### DATA SEGMENT

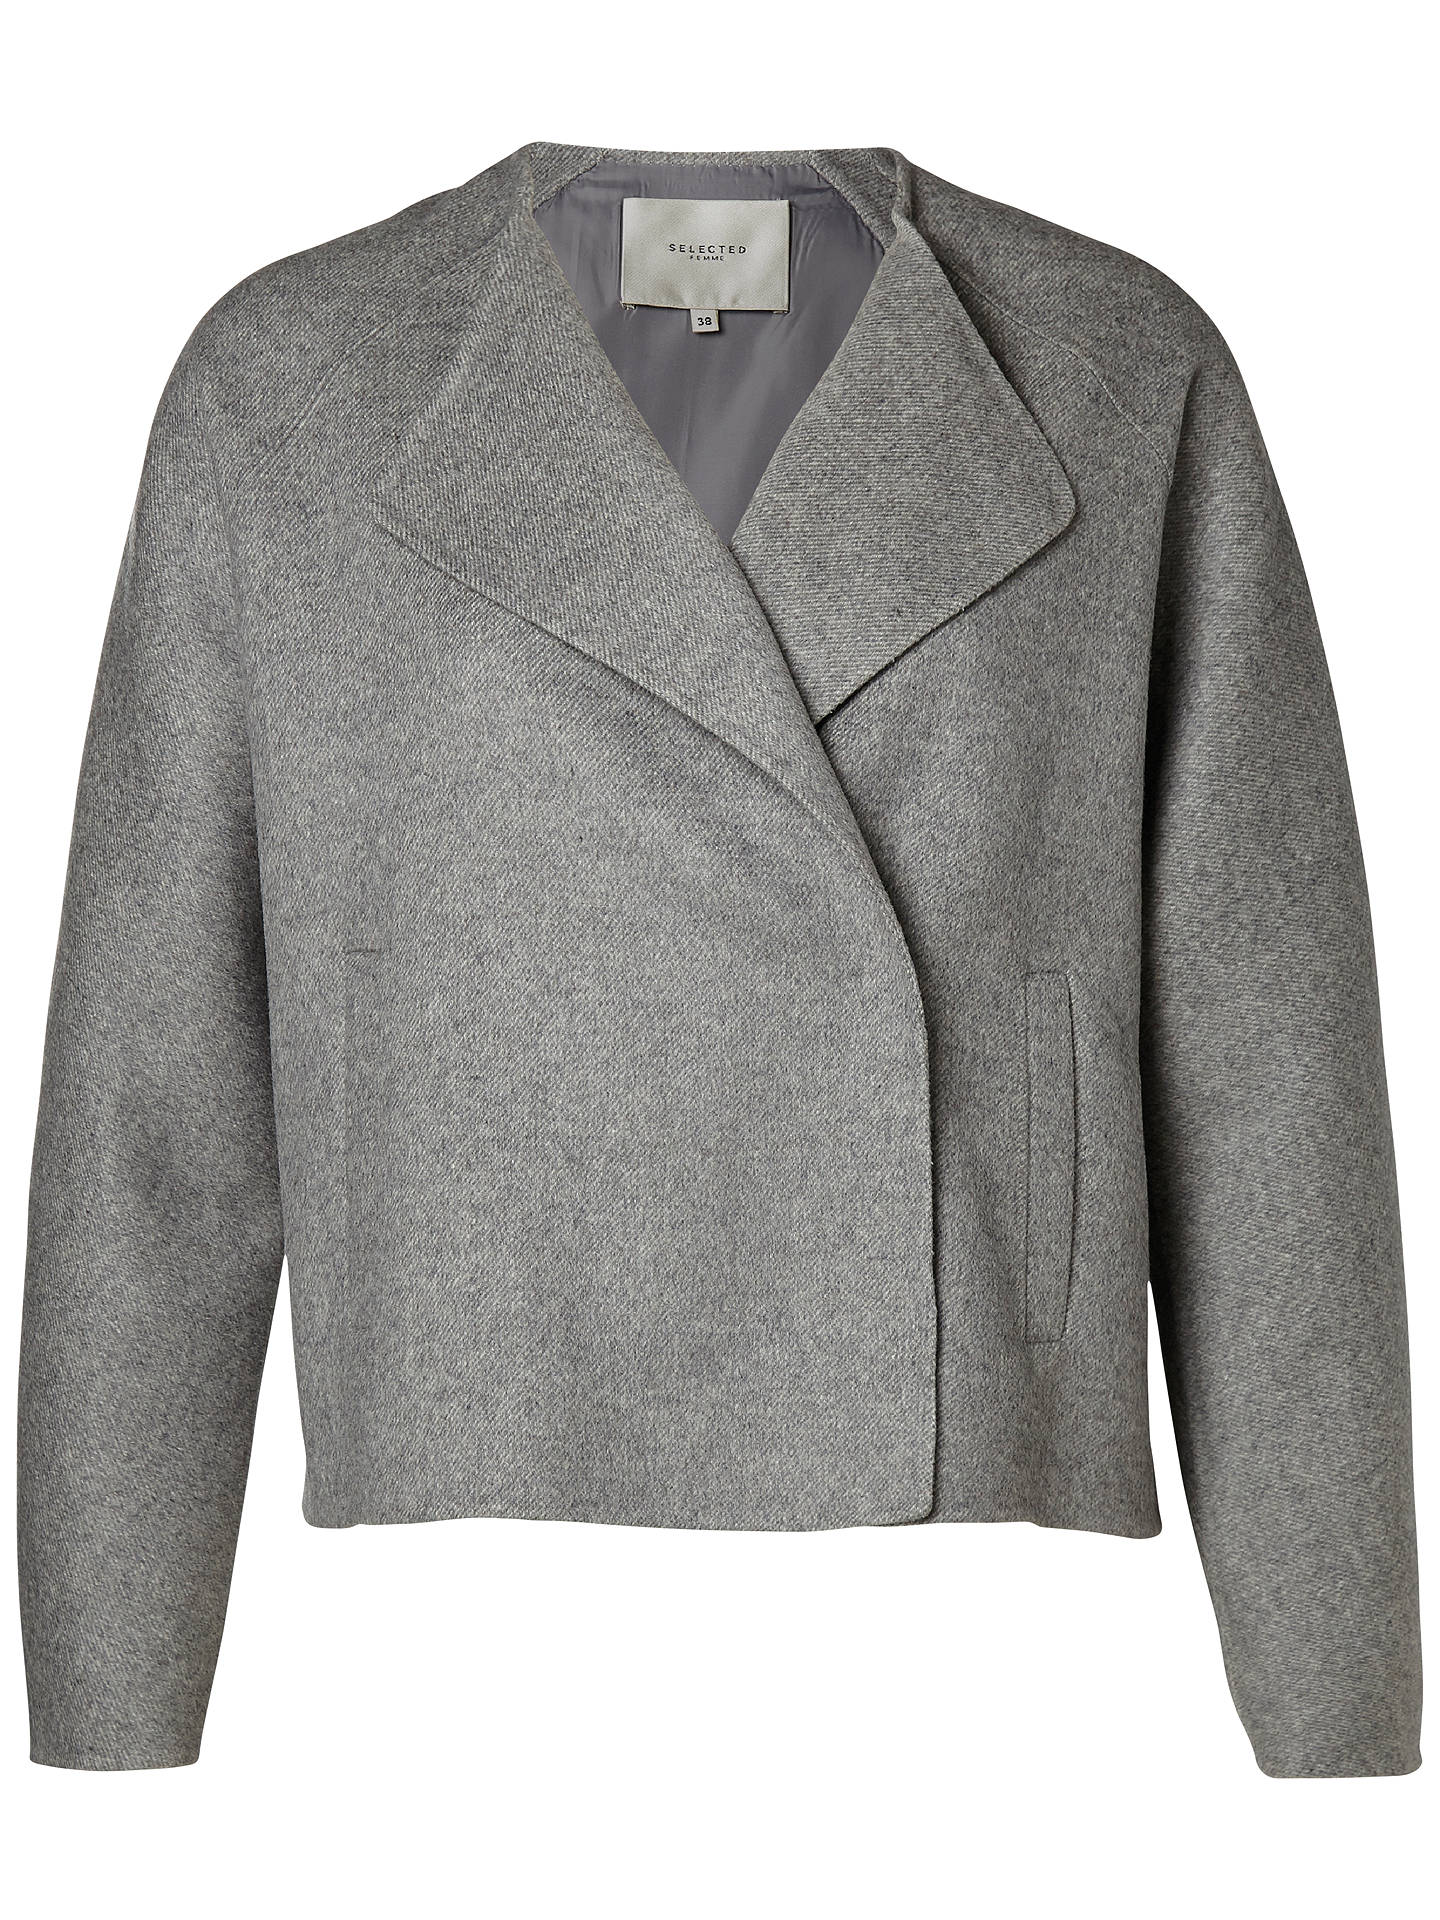 f9c1183422473 Buy Selected Femme Adana Jacket, Grey, 8 Online at johnlewis.com ...
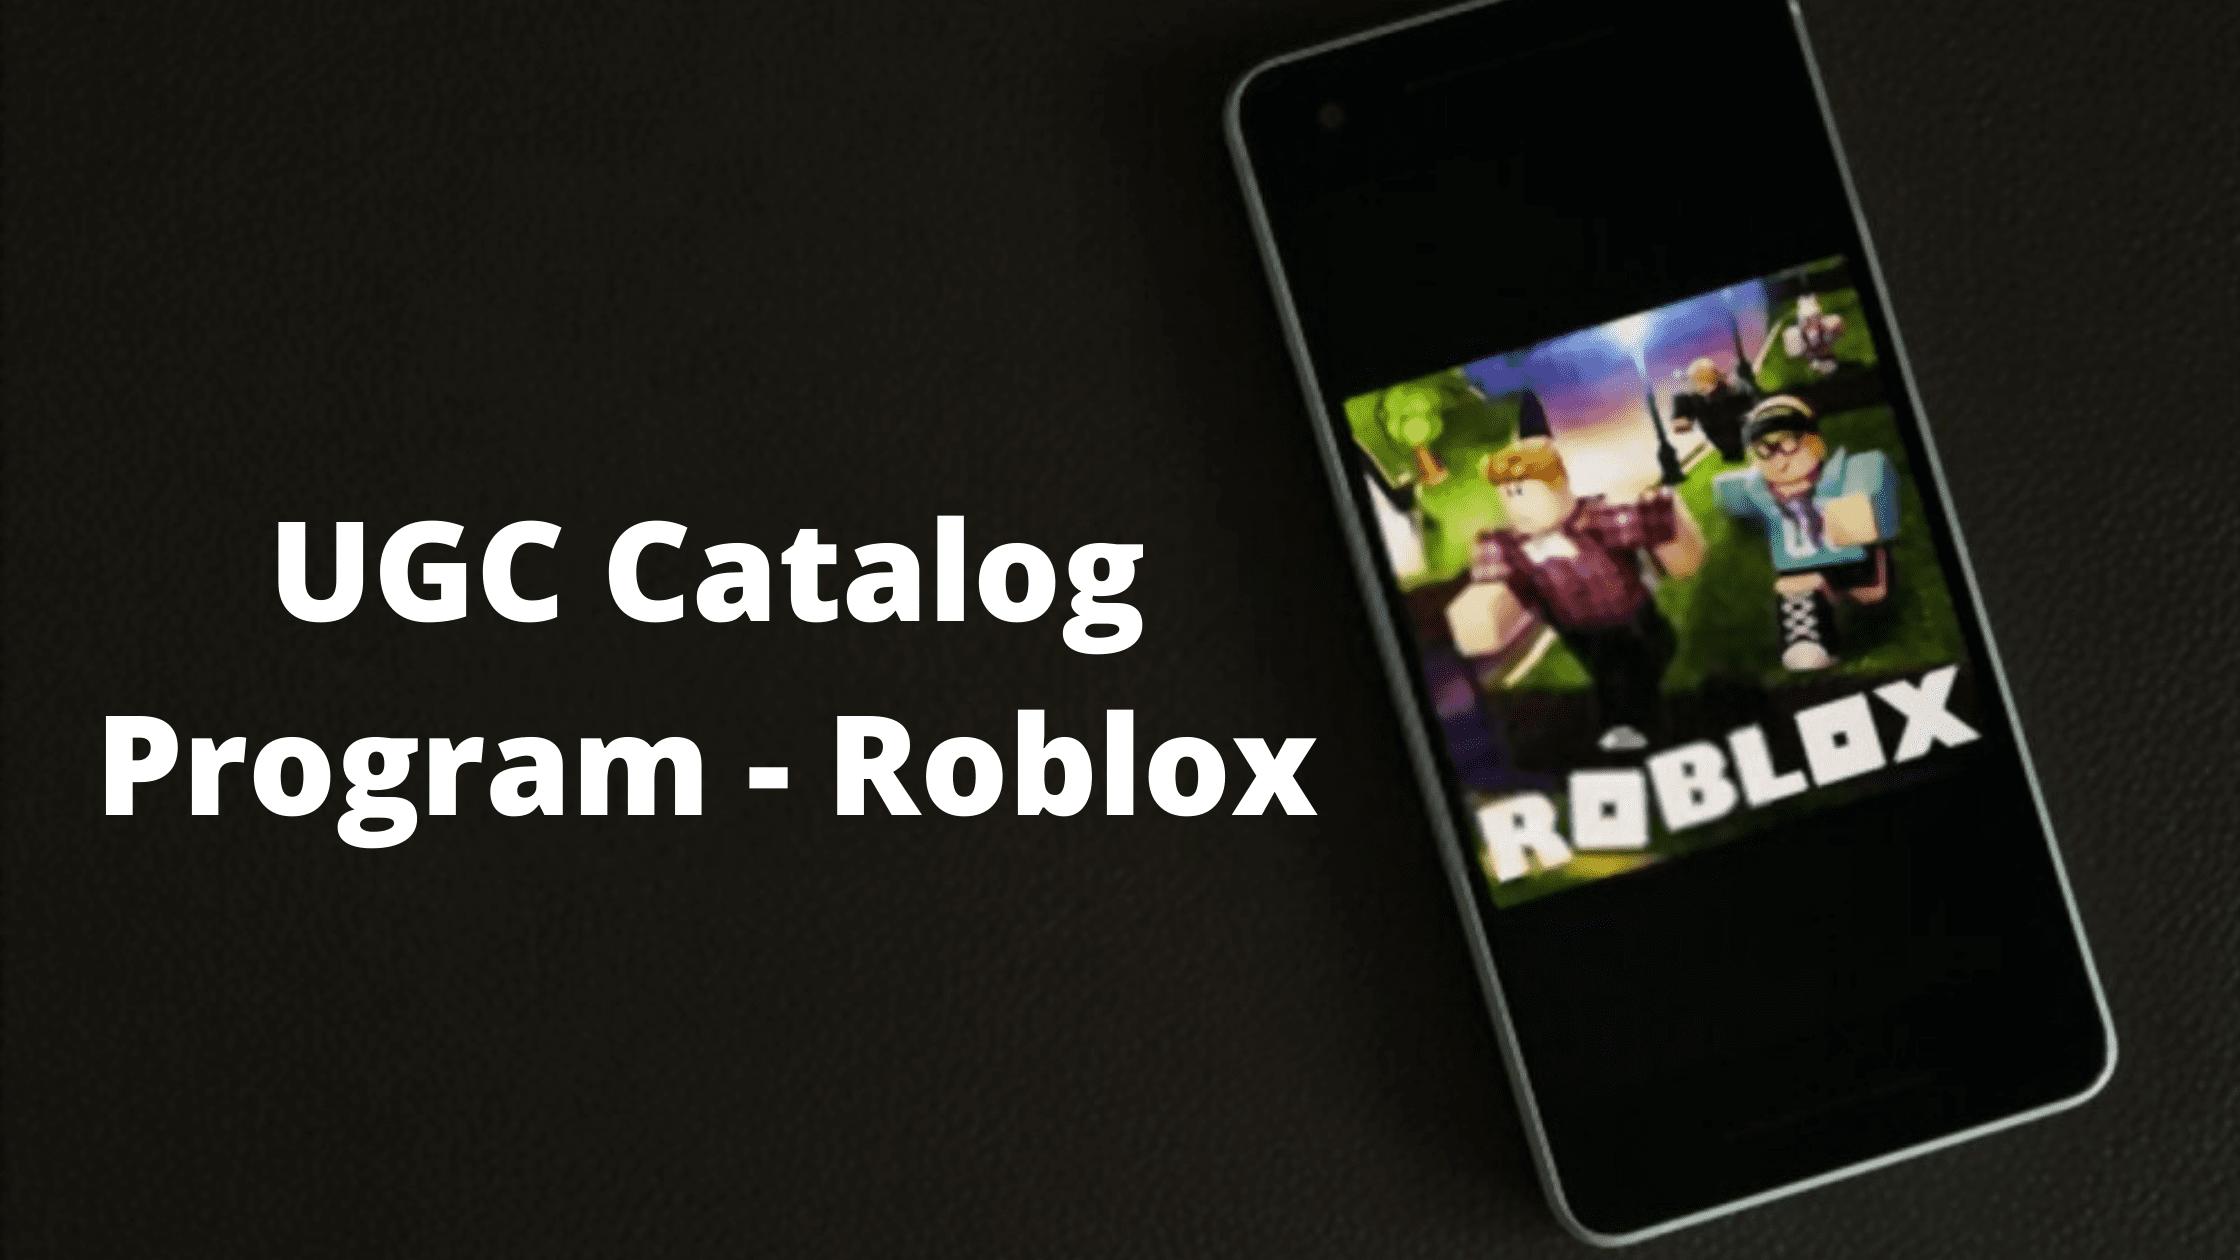 UGC Catalog Roblox
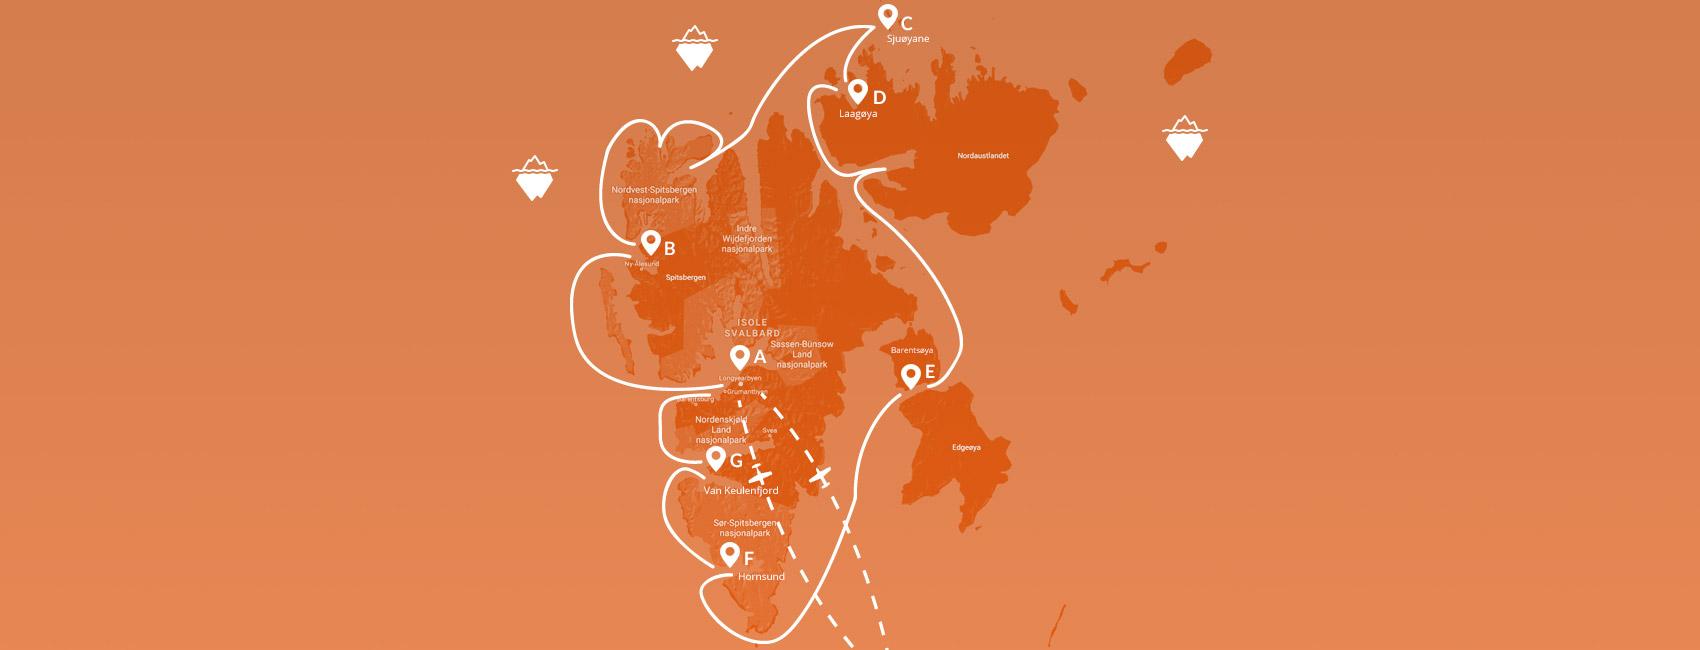 maps-isole-svalbard-stella-polare

######

EXERCISE INSTRUCTIONS
Give back the listing exactly, without a single picture.

EXPECTED OUTPUT
 f9c1183422473 Buy Selected Femme Adana Jacket, Grey, 8 Online at johnlewis.com ...
 UGC Catalog Roblox
 maps-isole-svalbard-stella-polare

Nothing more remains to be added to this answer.